The same applies to networking, operating systems, compilers/parsers, and databases. Once you go to AWS, bugs stop being my loop is wrong and start being this pod cannot reach that service or this IAM role cannot read that S3 bucket, or this query is killing the cluster because the index is wrong. You need enough networking to reason about ports, DNS, VPCs, load balancers, and timeouts, enough OS knowledge to understand processes, containers, file systems, and resource limits, and enough database knowledge to diagnose locking, indexing, schema mismatches, and data consistency issues. All of that is still not enough without architect or designer skills. The pattern in the feedback is that the real leverage comes from thinking like a system architect who can see how these pieces fit together, define clear stages and interfaces, plan deployment and failure modes, and then use all that low level knowledge to keep the whole distributed machine from tearing itself apart.
Why CS441 Cloud Computing Course Matters
On paper, CS441 is a cloud computing class. In practice, it is a training ground for a new kind of software engineer. The future engineer who emerges from this course does not see themselves as a code typist. They see themselves as a designer of systems who can read requirements, define architectures, orchestrate tools and services, and debug distributed behavior using structured reasoning.
The homeworks in the Fall 2024 and Fall 2025 repositories are the visible proof. They show full pipelines built under real constraints. The LLM policy is not a gimmick. It is a direct acknowledgment that in the real world, engineers will use generative tools, and the important question is whether they can direct those tools wisely.
The comments on the class space capture the transformation. Students urge each other to show up to lectures because the discussions go beyond the slides into economics, genAI tradeoffs, system design, and real world constraints.

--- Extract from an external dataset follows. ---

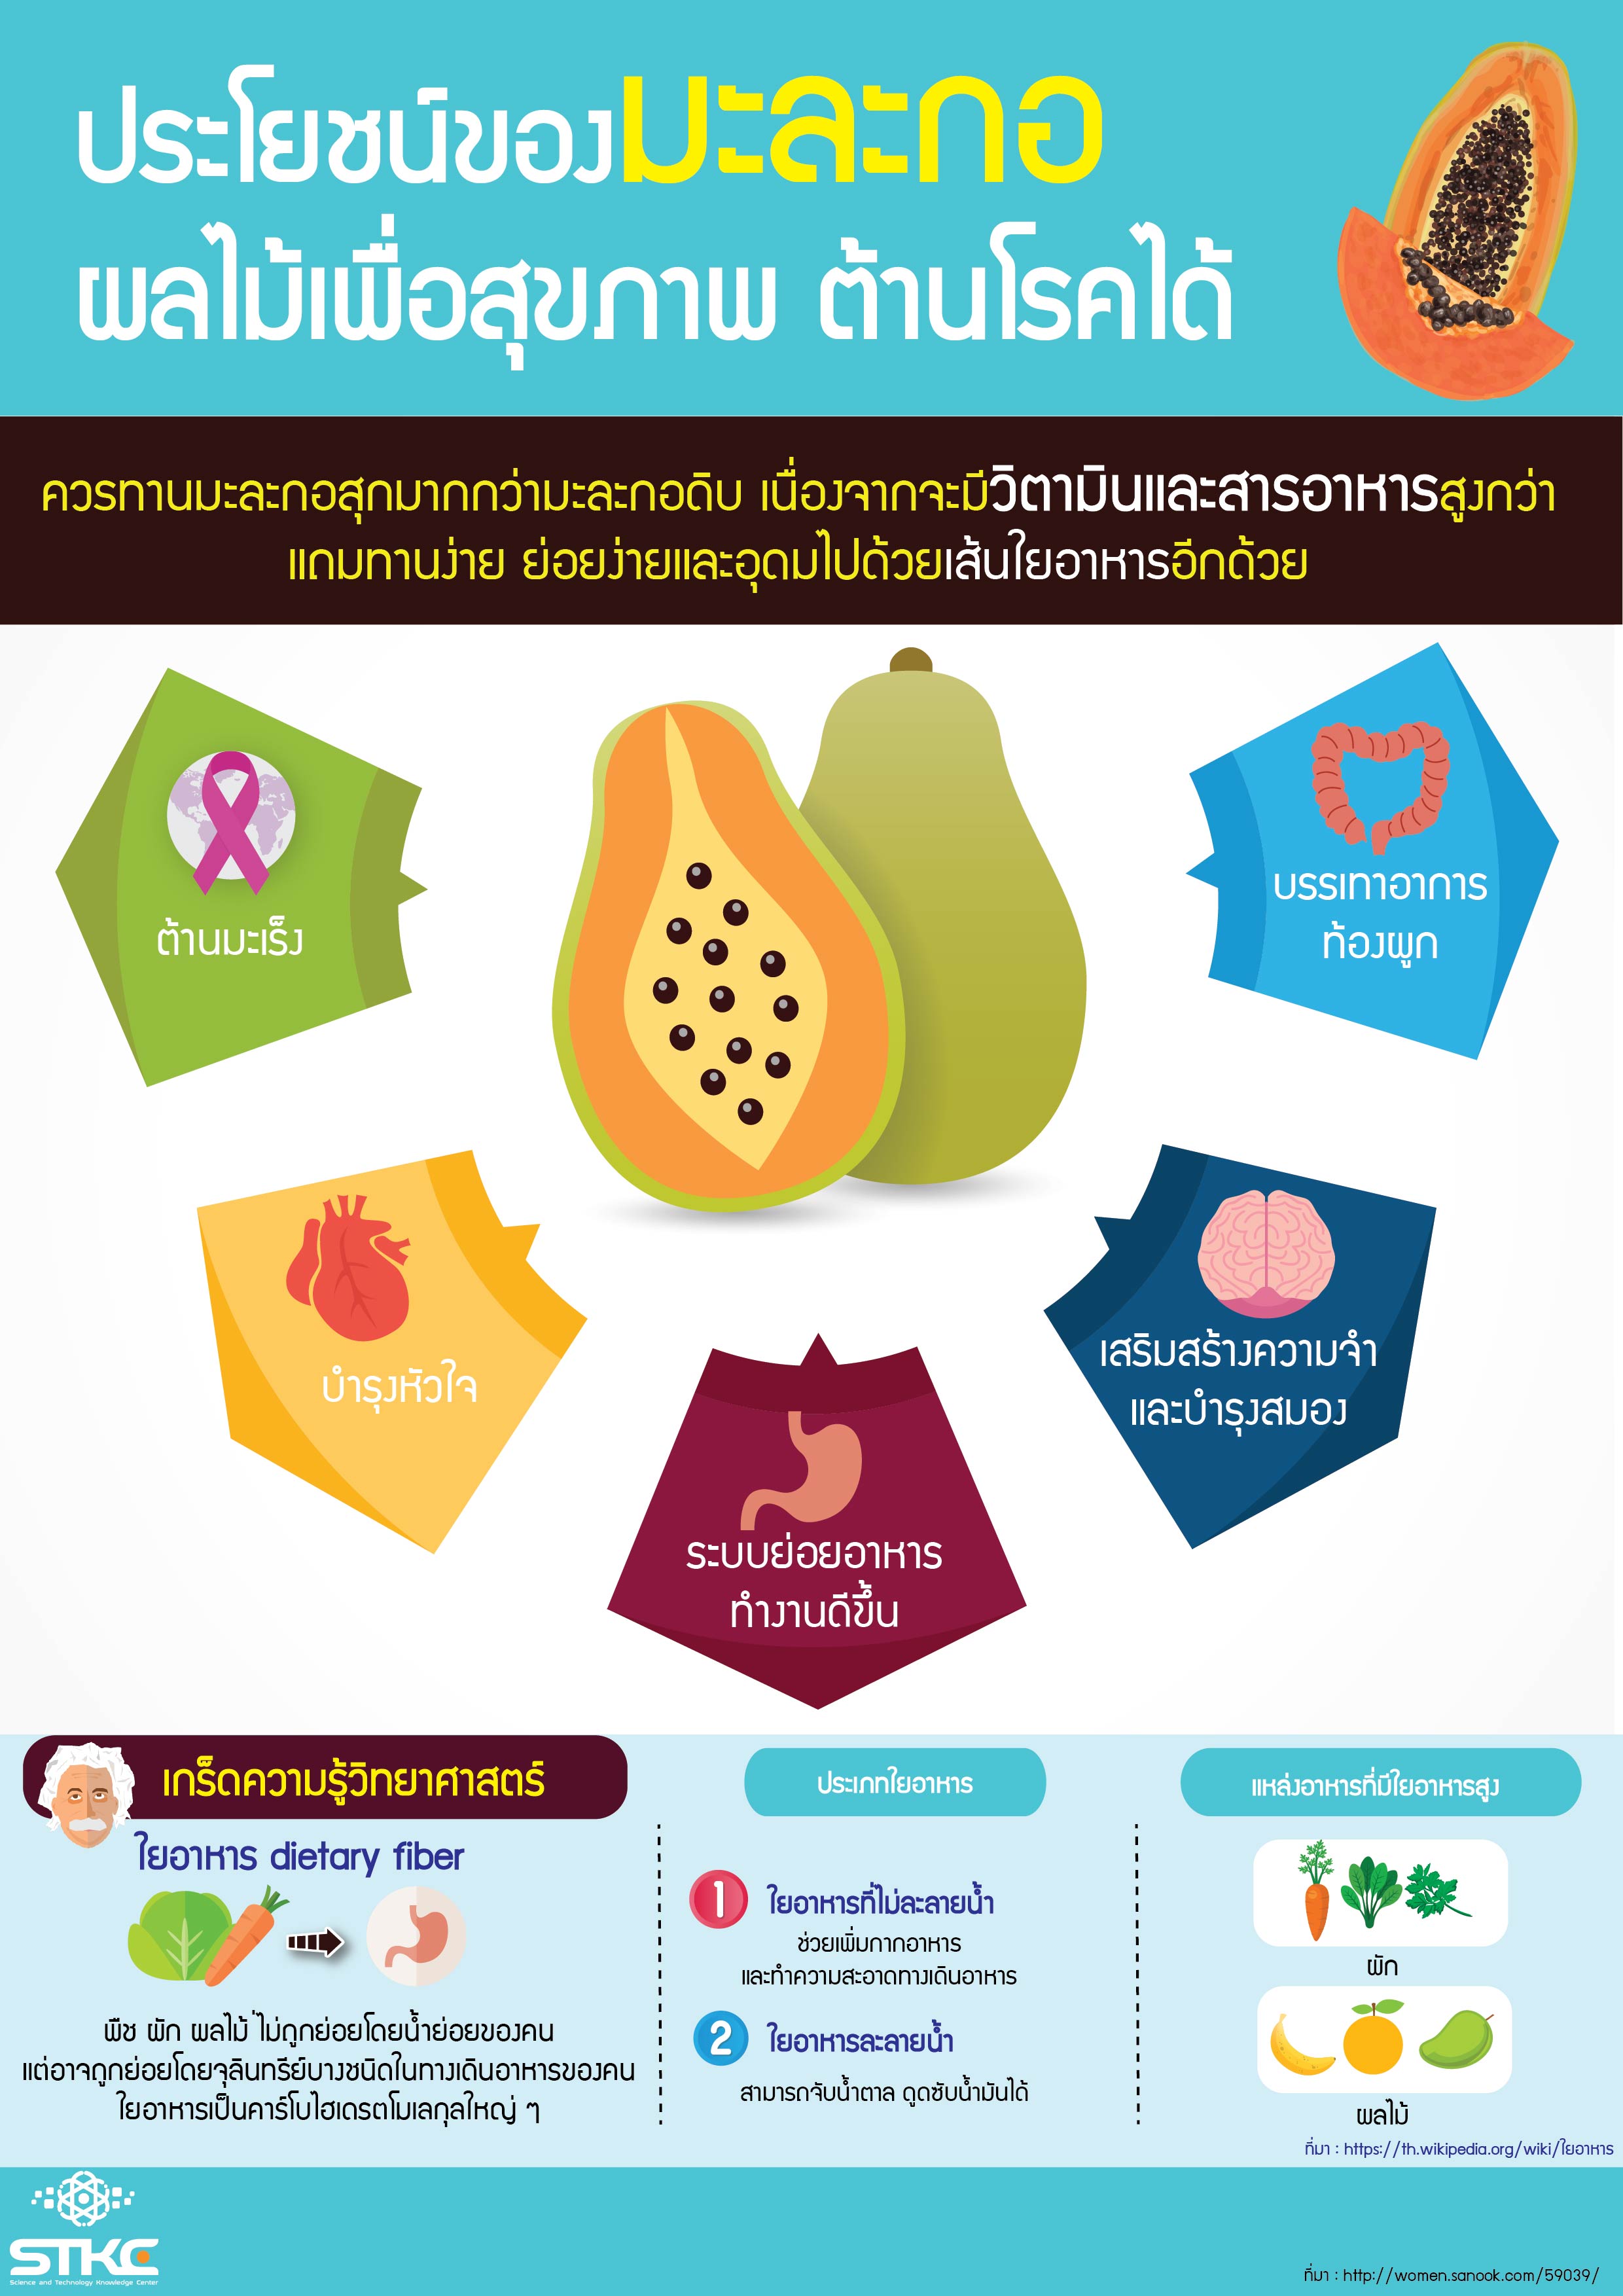 ประโยชน์ของมะละกอ ผลไม้เพื่อสุขภาพต้านโรคได้

They warn that homeworks cannot be finished in under 24 hours, that Docker and AWS will expose every shortcut, and that AI is useful but not magic. They celebrate the clever uses of models while being brutally honest about the pain of misusing them.

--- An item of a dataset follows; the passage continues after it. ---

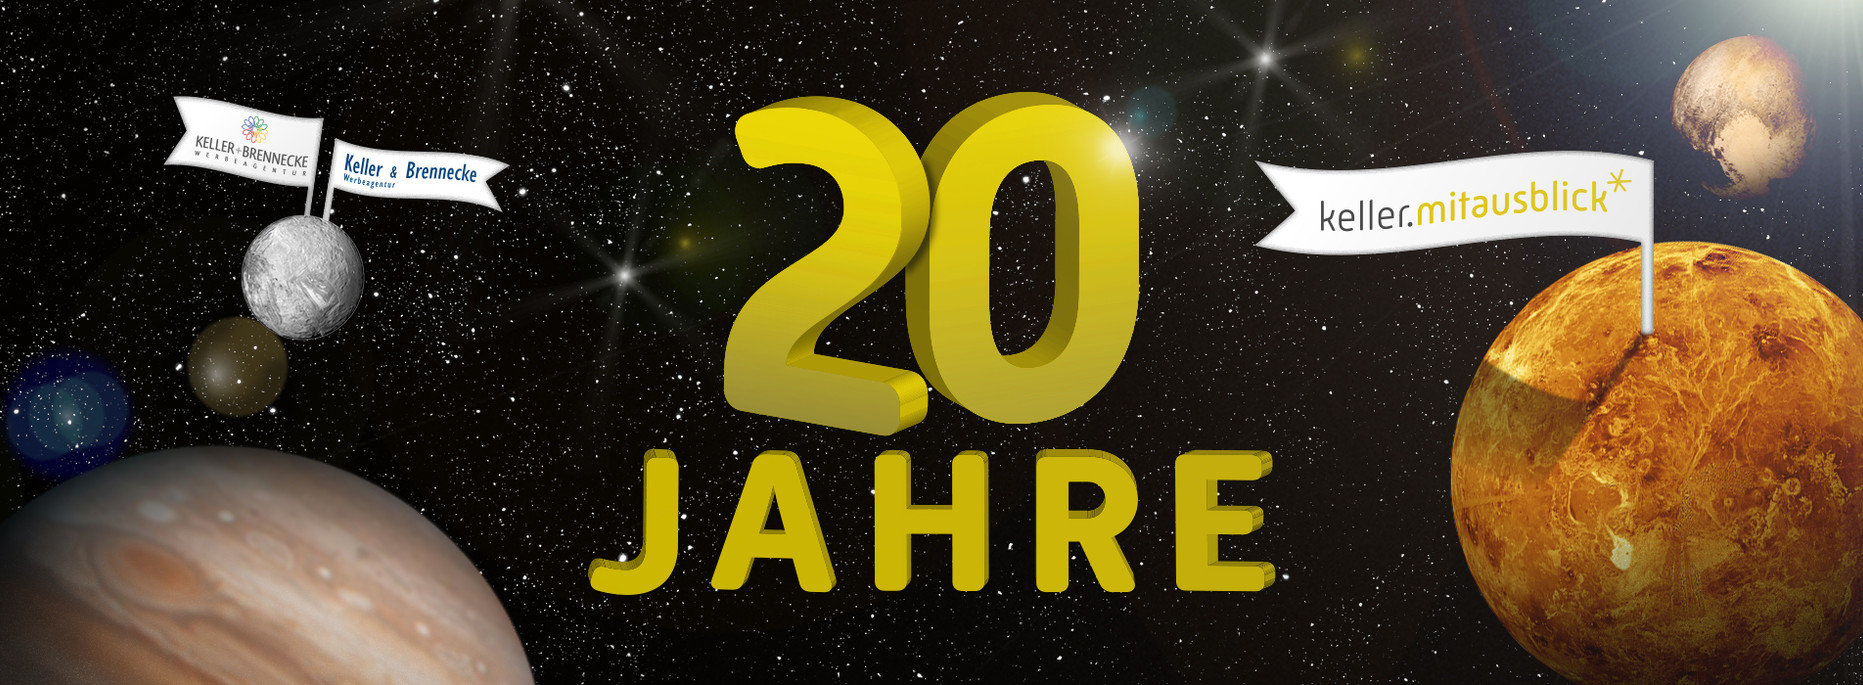 20-jähriges Agenturjubiläum | keller.mitausblick News

Students who embrace the course on these terms come out of it with more than a grade. They come out with a mental shift. Coding is still important. Deep knowledge of languages, data structures, operating systems, networking, and storage is still essential. Yet the real leverage is in the architect mindset and in the habit of abductive, system level debugging. That is the core of CS441, and that is why the pain of the homeworks is worth it.